The majority of current research, however, even when analyzing eye tracking data, is undertaken in laboratory settings. The laboratory environment would make it easy to exercise any experimental controls to investigate what you want to know deeply. On the other side, keeping experimental controls inevitably leads to low level of ecological validity. If the ecological validity level is poor, any kinds of well-analyzed result might become valueless as we cannot guarantee that similar effects would happen in the wild. This trade-off between control and ecological validity level has always been quite a serious issue for many researchers.

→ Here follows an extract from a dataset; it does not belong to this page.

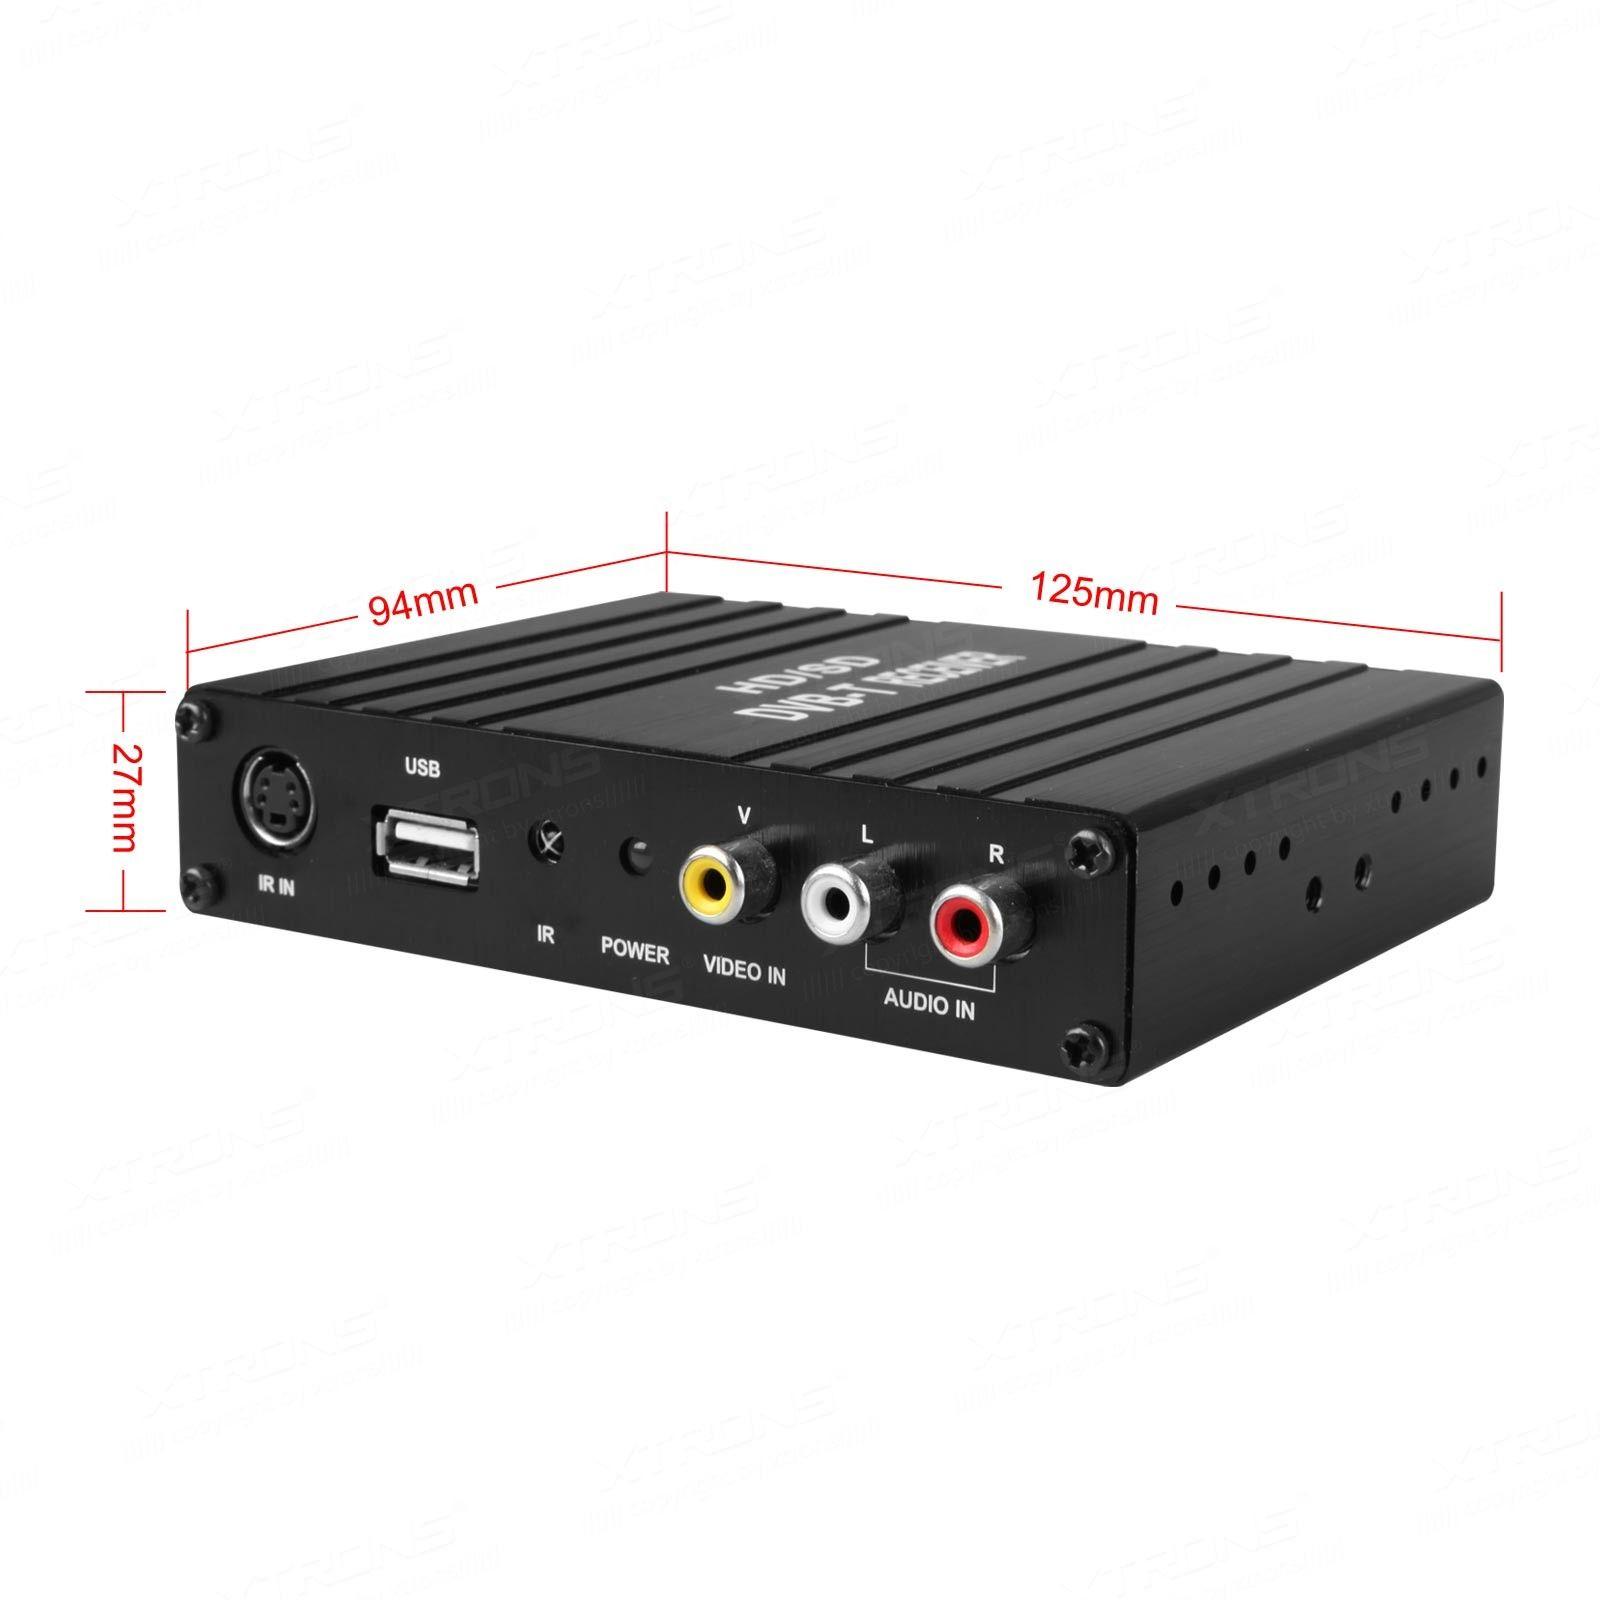 hd sd dvb t diversity freeview tv digital receiver for car mpeg 4 dual antenna. Black Bedroom Furniture Sets. Home Design Ideas

Virtual reality mobile eye tracking: A new research opportunity
Fortunately, the advent of a virtual reality (VR) is extending the previous trade-off frontier for the existing researches. It is because VR not only allows various levels of experimental control but also makes it available to build up shopping experience that feels like a reality. This sort of experimental environment now puts the researches on the point where the optimal combination of experimental control and ecological validity is implemented together. Therefore, with the help of VR, eye tracking technology can be used way more effectively to capture the user’s visual attention with better reliability. This week’s research — “Combining virtual reality and mobile eye tracking to provide a naturalistic experimental environment for shopper research” — has reviewed how mobile eye tracking can be used in the virtual reality and discussed the pros and cons of applying eye-tracking technology in terms of experimental environments. Particularly, this research focused on three different kinds of environments — conventional 2-D monitor based setting, virtual reality, and the real environment. Besides, the research has proposed the experiment in a virtual reality setting to discuss the validity of using mobile eye tracking in VR to study consumer behaviors.

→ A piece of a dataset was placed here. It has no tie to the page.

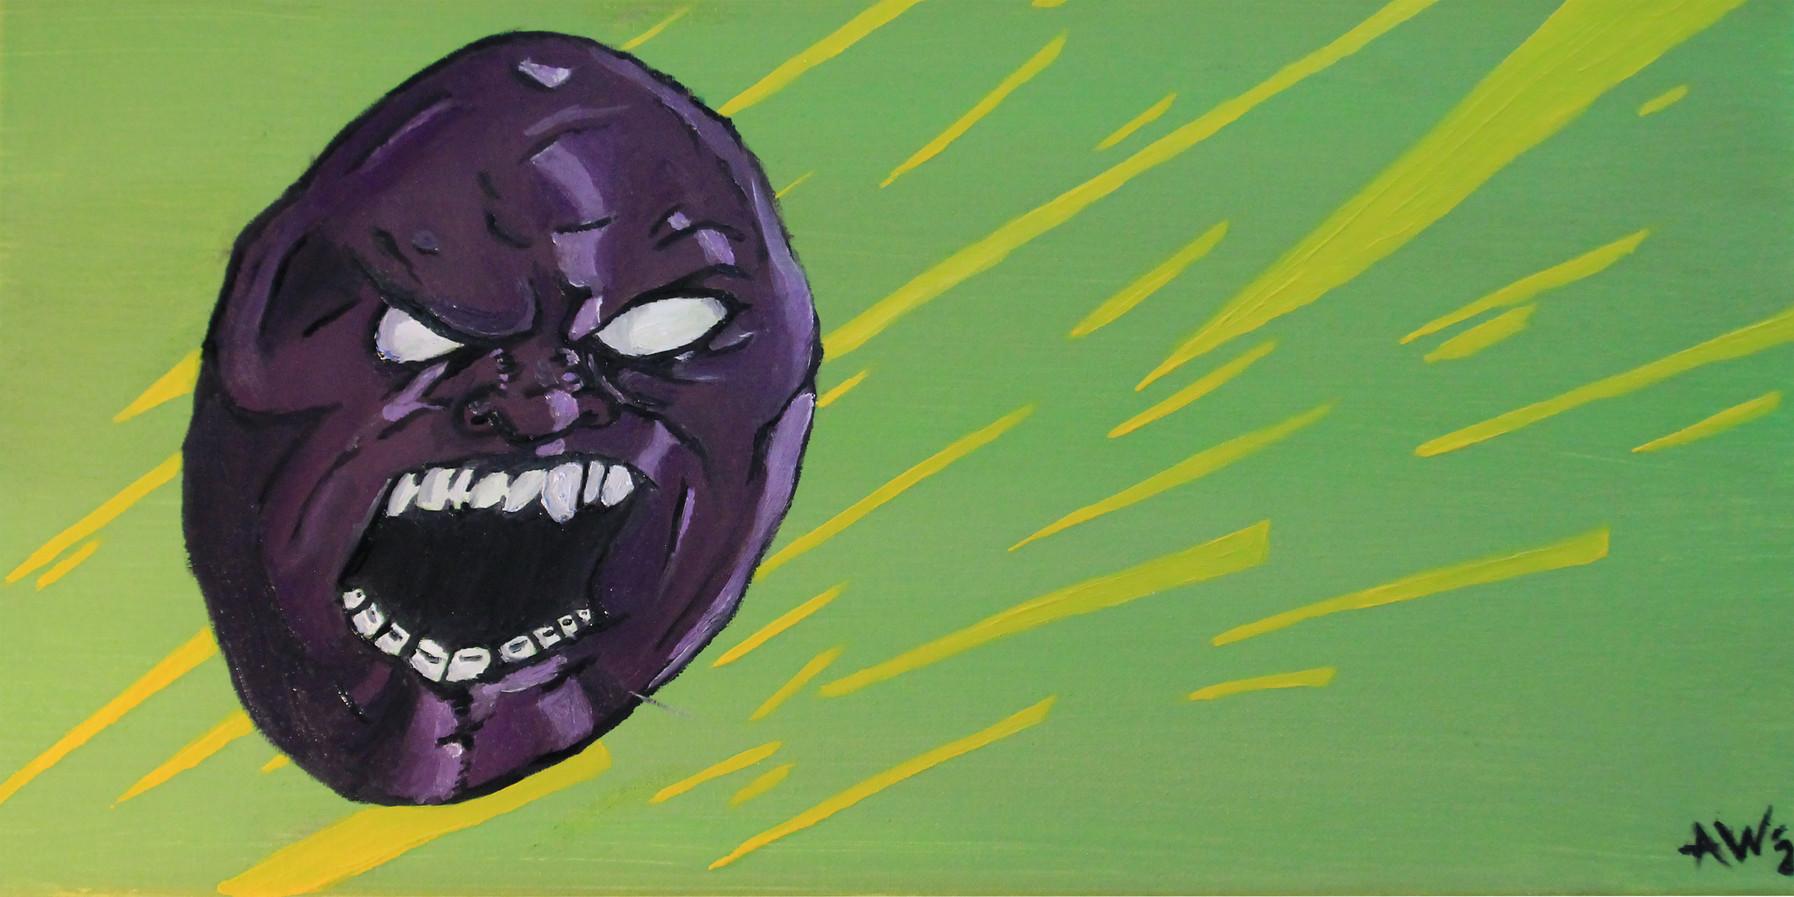 Grape of Wrath

First of all, this paper has set up criteria and rated both of relative superiority and inferiority among three different experimental settings for each criterion. The result of ratings, as written in the table below, might work as a useful guideline to decide which equipment to use and how to design eye tracking experiments. As we can read from the table, the “desktop eye tracking”, compared with “mobile eye tracking in the field”, has relative advantage in criteria that are concerned with experimental control (“Ease of creating/using non-existing stimuli”, “Ease of controlling and randomizing treatment and extraneous factors”, “Naturalness of the eye tracking task”, “Ease of analyzing and reacting to respondent’s attention and behavior in real time”, “Ease of generating large sample sizes”, “Ease of obtaining retailer permission to record”, “Ease of data preparation”, “Reliability of AOI coding”, “Reproducibility of experimental setting”). In contrast, “mobile eye tracking in the field” shows better rating over “desktop eye tracking” in criteria about the ecological validity (“Realism of stimulus display” and “Realism of interaction”).

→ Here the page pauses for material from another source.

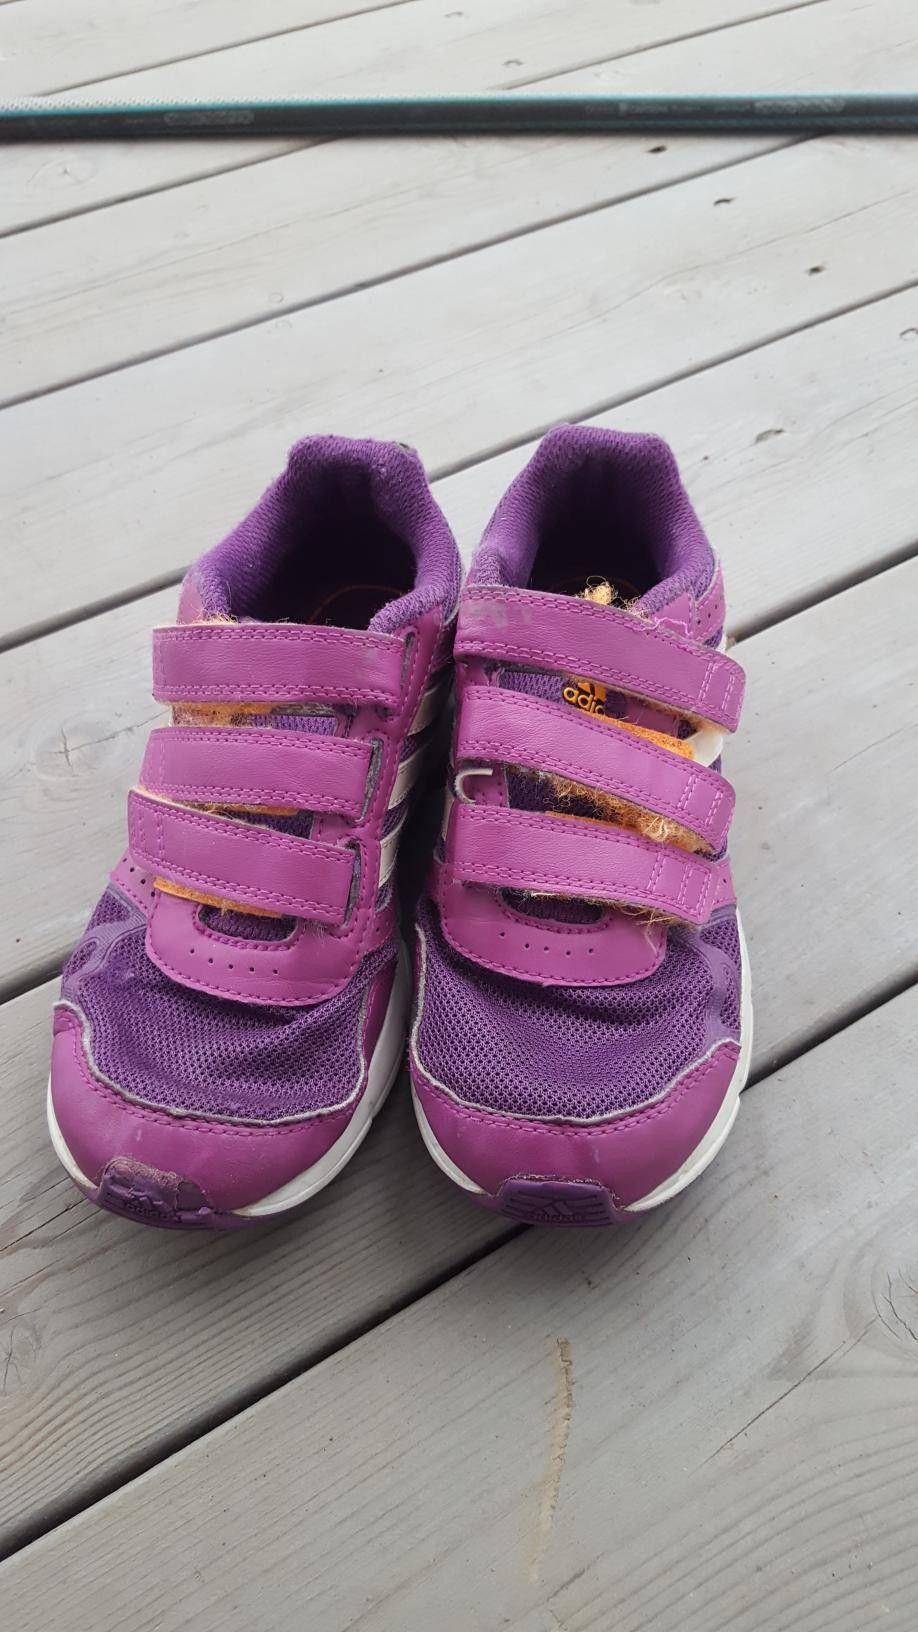 1d32b9de73c Adidas sko str 32   FINN.no

How about “mobile eye tracking in virtual reality”? Interestingly, “mobile eye tracking in virtual reality” seems to be the compromising plan that appropriately mixes up relative advantages of both sides (“desktop eye tracking” and “mobile eye tracking in the field”). “Mobile eye tracking in virtual reality” is rated with high scores in almost every criterion where “desktop eye tracking” outperforms “mobile eye tracking in the field.” What is more, different from “desktop eye tracking,” “mobile eye tracking in virtual reality” is rated with enhanced scores in “Realism of stimulus display” and “Realism of interaction.” Although it still needs to tackle with the problem of cost-effectiveness and to meet further technological requirements concerning realistic visualization as well as convincing presentation of the setting, it is anticipated that mobile eye tracking in VR might open a lot of new research opportunities.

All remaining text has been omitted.